Memorial Cancer Institute, Hollywood, Florida1; Duke University Medical Center, Durham, NC2; University of Chicago, Chicago, IL3
Columbia University, New York, NY; Ohio State University, Columbus, OH5; Bionovo, Inc, Emeryville, California6;
University of Texas Southwestern, Dallas, Texas7.
Abstract
Background: BZL101 is an aqueous extract from herba Scutellaria Barbata. BZL101
demonstrates in vitro growth inhibitory effects on human breast cancer cell lines and does not
inhibit the growth of normal human mammary epithelium. In a murine xenograph model, oral and
intraperitoneal administration of BZL101 inhibited tumor formation without any observed toxicity.
Treatment of breast cancer cells with BZL101 leads to sustained inhibition of glycolysis, as evident
from the decreased enzymatic activities within the glycolytic pathway and inhibition of lactate
production. Because tumor cells primarily rely on glycolysis for energy production (Warburg
effect), targeting this pathway may lead to novel cytotoxic agents with less toxicity than the
currently available treatments. We are conducting an open-label, dose escalation, phase 1 trial of
BZL101 for the treatment of metastatic breast cancer to determine the maximum tolerated dose.
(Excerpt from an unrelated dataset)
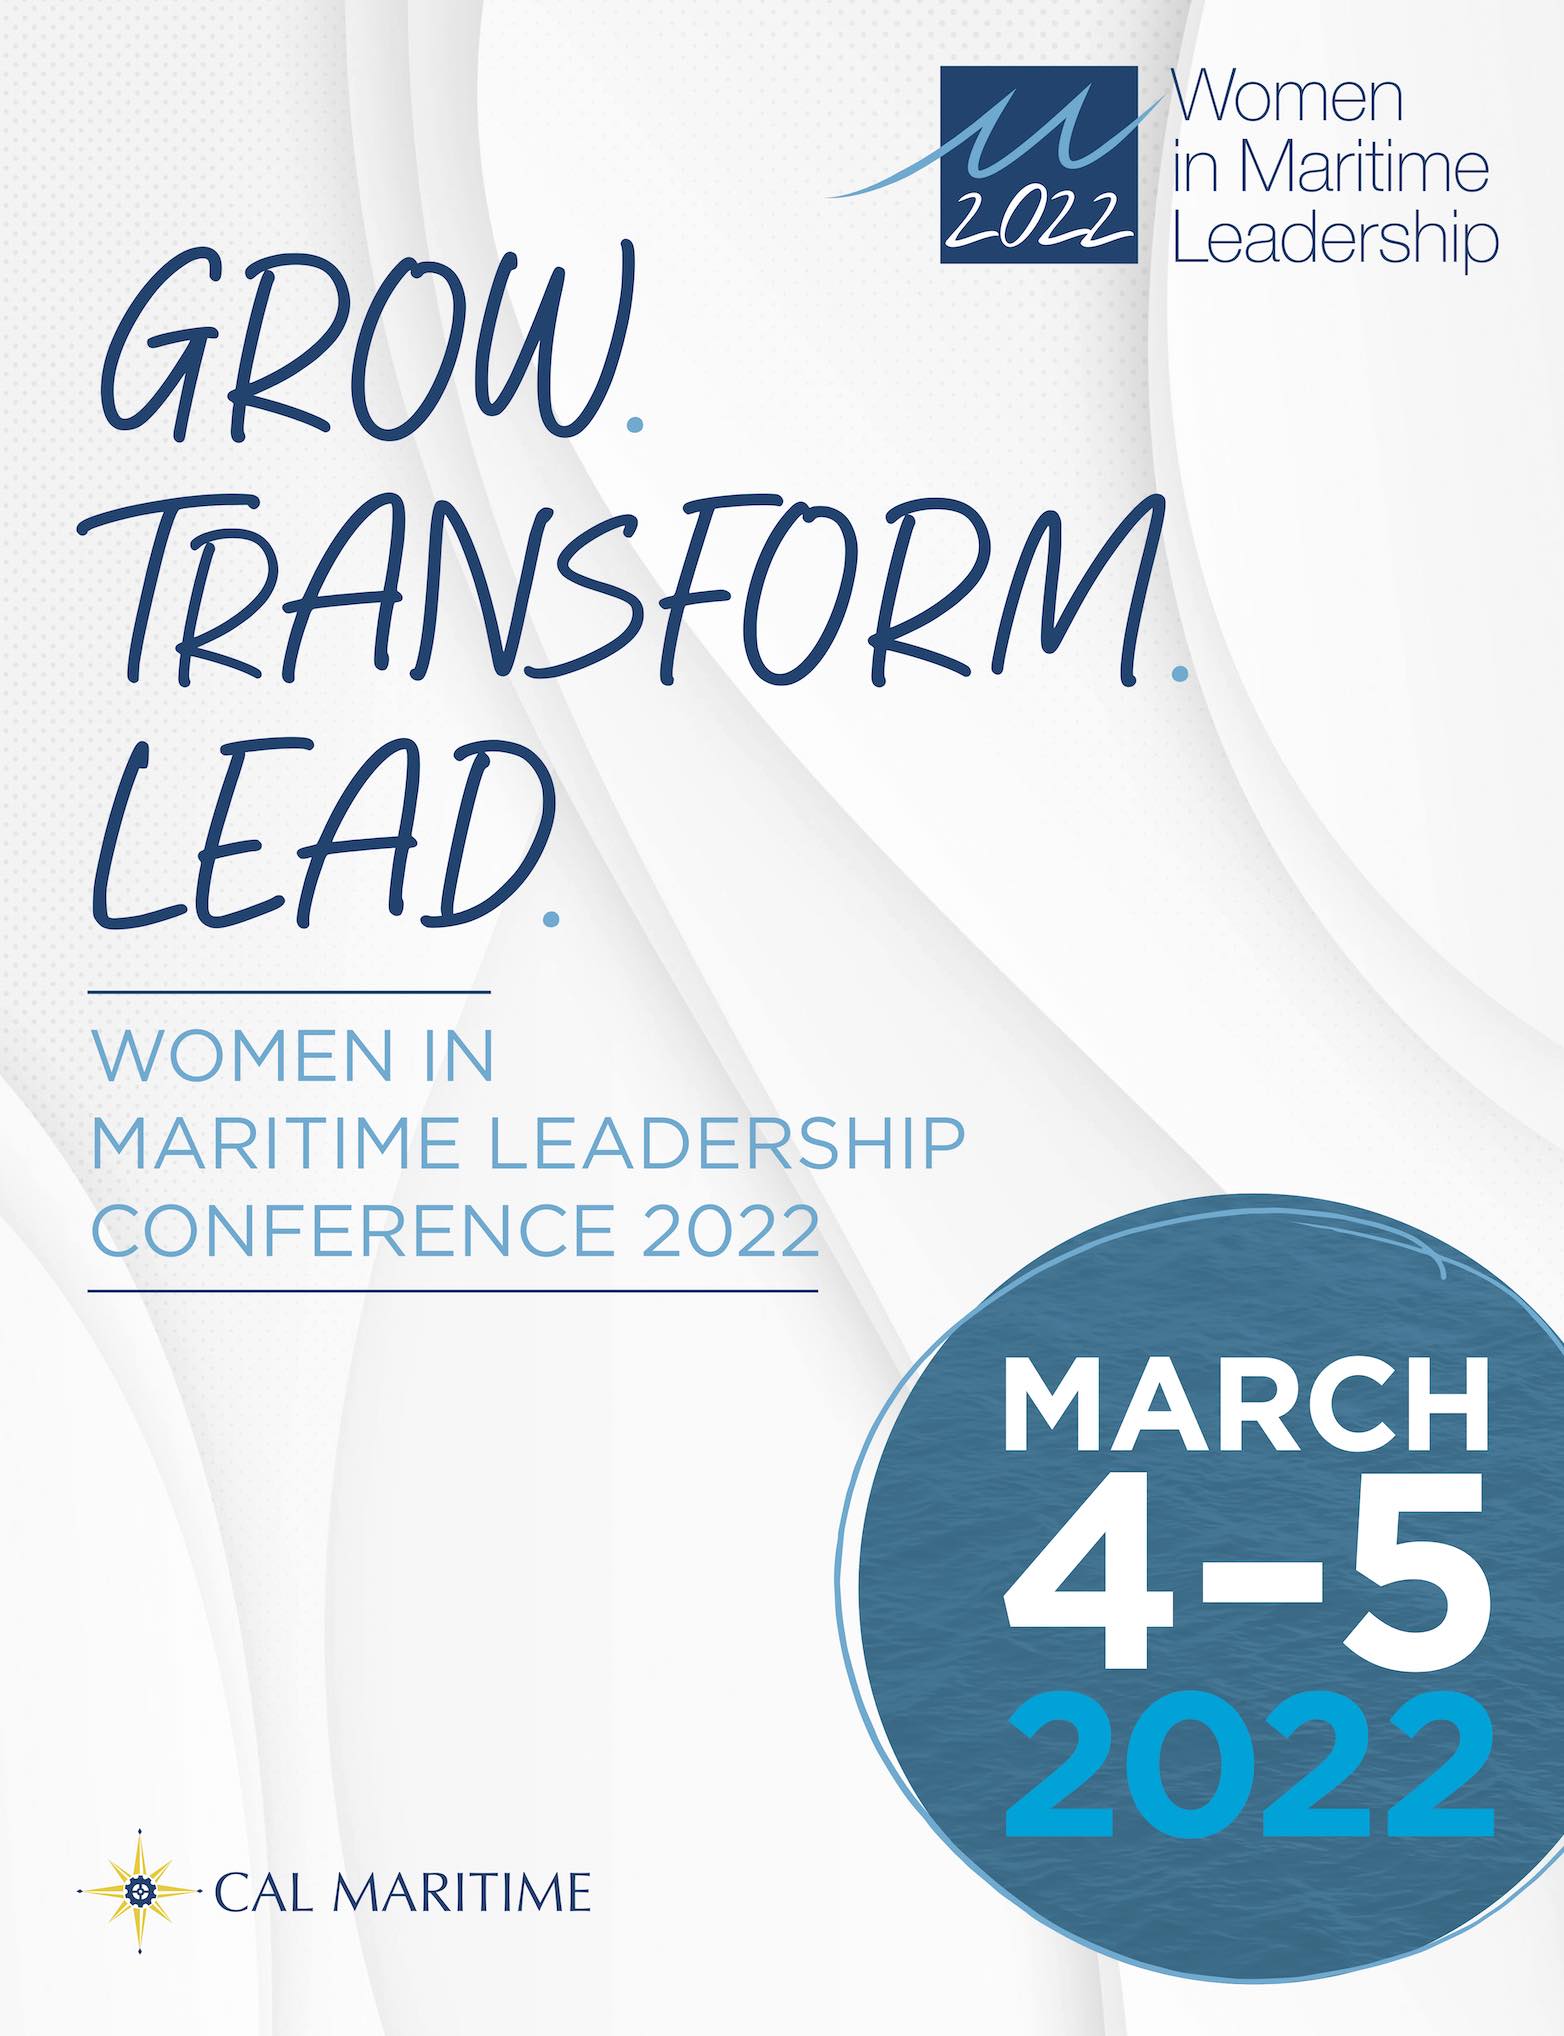 Women in Maritime Leadership Conference March '22

Methods: Eligible patients had histologically confirmed metastatic breast cancer and measurable
disease. Patients cannot receive any other anticancer treatment on trial. Three patients are
enrolled at each dose level and treated for 28 days. If toxicity is acceptable, 3 additional patients
are enrolled to a higher dose until the MTD is reached. The primary objectives are safety and
toxicity and to determine the maximum tolerated dose. The secondary objectives are tumor
response defined by RECIST, duration of response, survival time and change in patient reported
quality of life.
Results: Twenty patients have been enrolled to the study. The mean number of prior cytotoxic
treatments for metastatic disease was 3.1. There have been no SAEs attributable to BZL101.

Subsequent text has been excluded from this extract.